Dr. Mackenzie held open the door. Jane passed noiselessly out before him. He
followed, signing to her to precede him down the stairs.
In the library, Jane turned and faced him. He put her quietly into a chair
and stood before her. The bright blue eyes were moist, beneath the shaggy brows.
"My dear," he said, "I feel myself somewhat of a blundering old fool. You
must forgive me. I never contemplated putting you through such an ordeal. I
perfectly understand that, while he hesitated, you must have felt your whole
career at stake. I see you have been weeping; but you must not take it too much
to heart that our patient made so much of your voice resembling this Miss
Champion's. He will forget all about it in a day or two, and you will be worth
more to him than a dozen Miss Champions. See what good you have done him
already. Here he is wanting to get up and explain his pictures to you. Never you
fear. You will soon win your way, and I shall be able to report to Sir Deryck
what a fine success you have made of the case. Now I must see the valet and give
him very full instructions. And I recommend you to go for a blow on the moor and
get an appetite for lunch. Only put on something warmer than that. You will have
no sick-room work to do; and having duly impressed me with your washableness and
serviceableness, you may as well wear something comfortable to protect you from
our Highland nip. Have you warmer clothing with you?"
"It is the rule of our guild to wear uniform," said Jane; "but I have a grey
merino."
"Ah, I see. Well, wear the grey merino. I shall return in two hours to
observe how he stands that move. Now, don't let me keep you."
"Dr. Mackenzie," said Jane quietly, "may I ask why you described me as fair;
and my very straight, heavy, plainly coiled hair, as fluffy, fly-away
floss-silk?"
Dr. Rob had already reached the bell, but at her question he stayed his hand
and, turning, met Jane's steadfast eyes with the shrewd turquoise gleam of his
own.
"Why certainly you may ask, Nurse Rosemary Gray," he said, "though I wonder
you think it necessary to do so. It was of course perfectly evident to me that,
for reasons of his own, Sir Deryck wished to paint an imaginary portrait of you
to the patient, most likely representing some known ideal of his. As the
description was so different from the reality, I concluded that, to make the
portrait complete, the two touches unfortunately left to me to supply, had
better be as unlike what I saw before me as the rest of the picture. And now, if
you will be good enough — " Dr. Rob rang the bell violently.

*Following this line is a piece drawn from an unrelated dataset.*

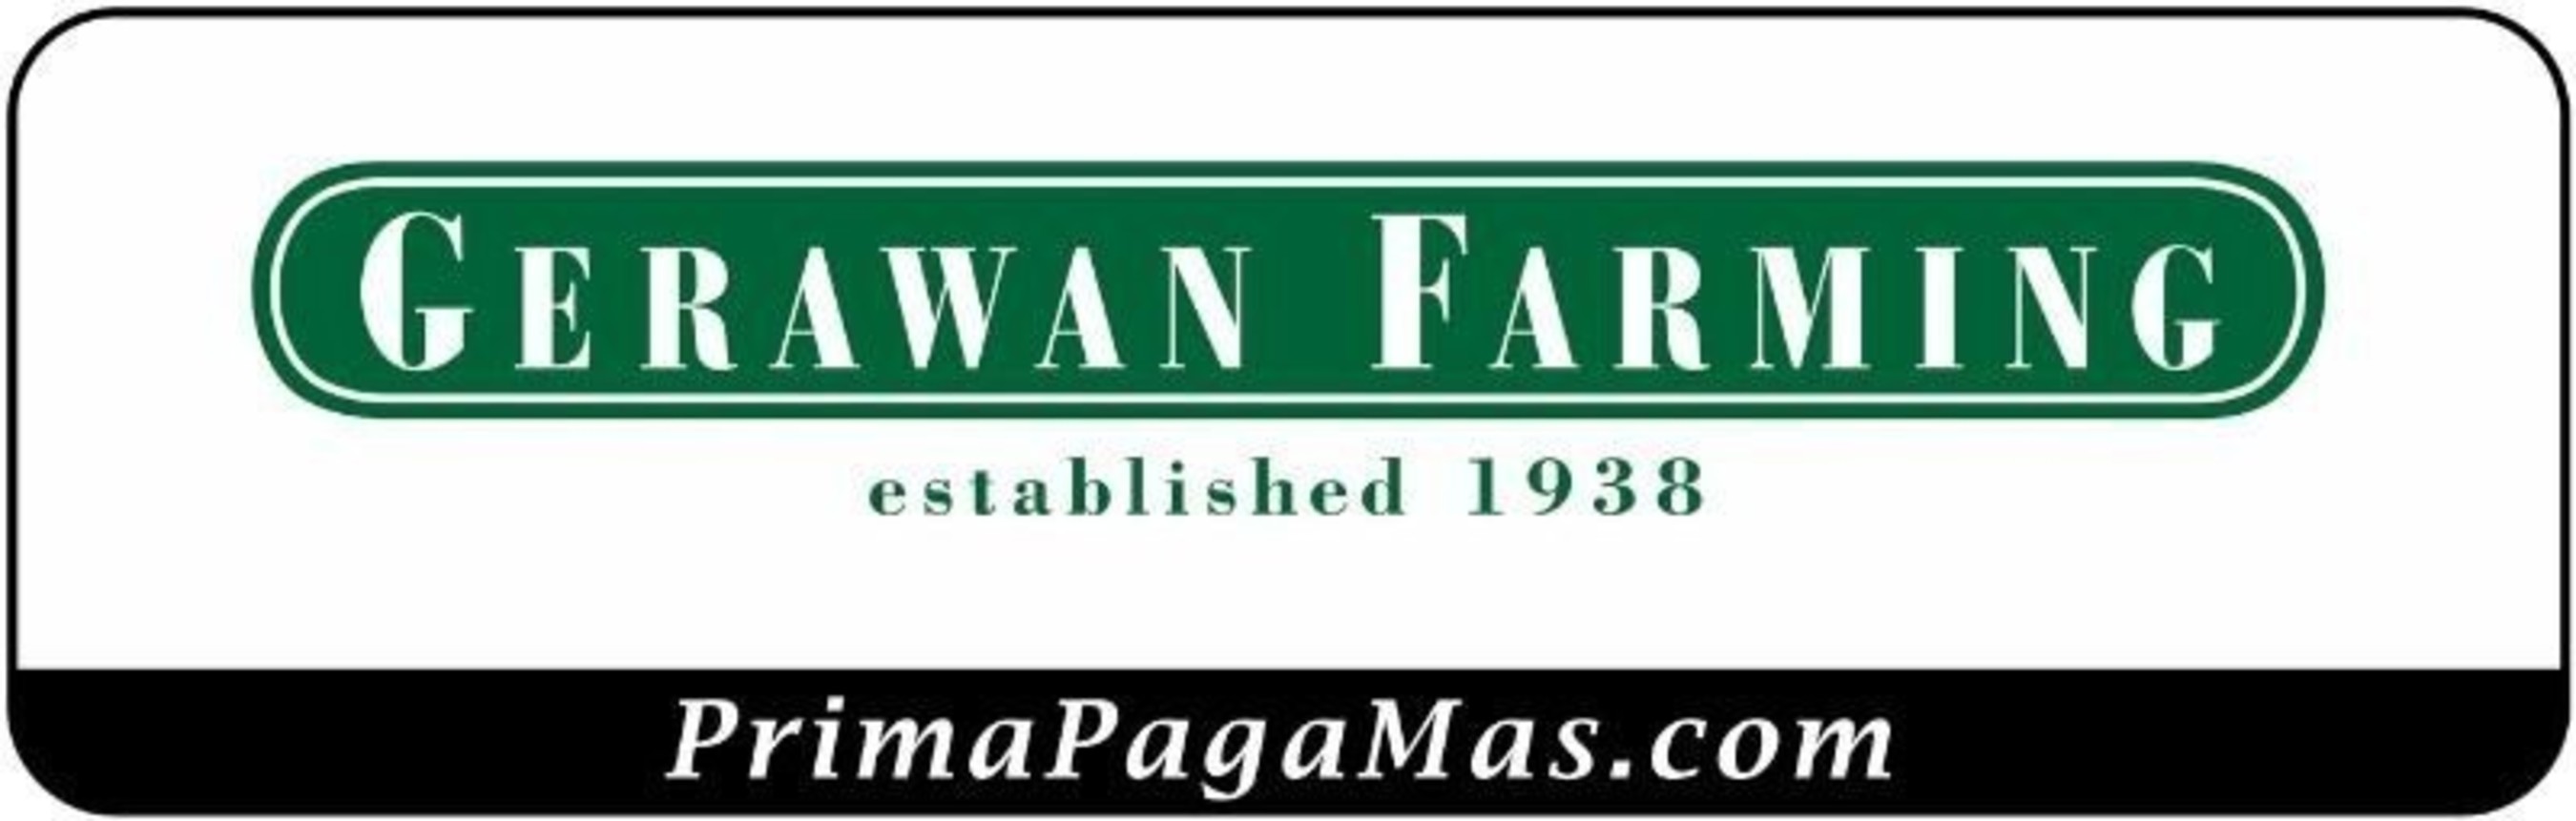 Gerawan Farming Logo (PRNewsFoto/Gerawan Farming)

"And why did you take the risk of suggesting that he should feel me?"
persisted Jane.
"Because I knew he was a gentleman," shouted Dr. Rob angrily. "Oh, come in,
Simpson — come in, my good fellow — and shut that door! And God Almighty be
praised that He made you and me MEN, and not women!"
A quarter of an hour later, Jane watched him drive away, thinking to herself:
"Deryck was right. But what a queer mixture of shrewdness and obtuseness, and
how marvellously it worked out to the furtherance of our plans."
But as she watched the dog-cart start off at a smart trot across the moor,
she would have been more than a little surprised could she have overheard Dr.
Rob's muttered remarks to himself, as he gathered up the reins and cheered on
his sturdy cob. He had a habit of talking over his experiences, half aloud, as
he drove from case to case; the two sides of his rather complex nature
apparently comparing notes with each other. And the present conversation opened
thus:
"Now what has brought the Honourable Jane up here?" said Dr. Rob.
"Dashed if I know," said Dr. Mackenzie.
"You must not swear, laddie," said Dr. Rob; "you had a pious mother."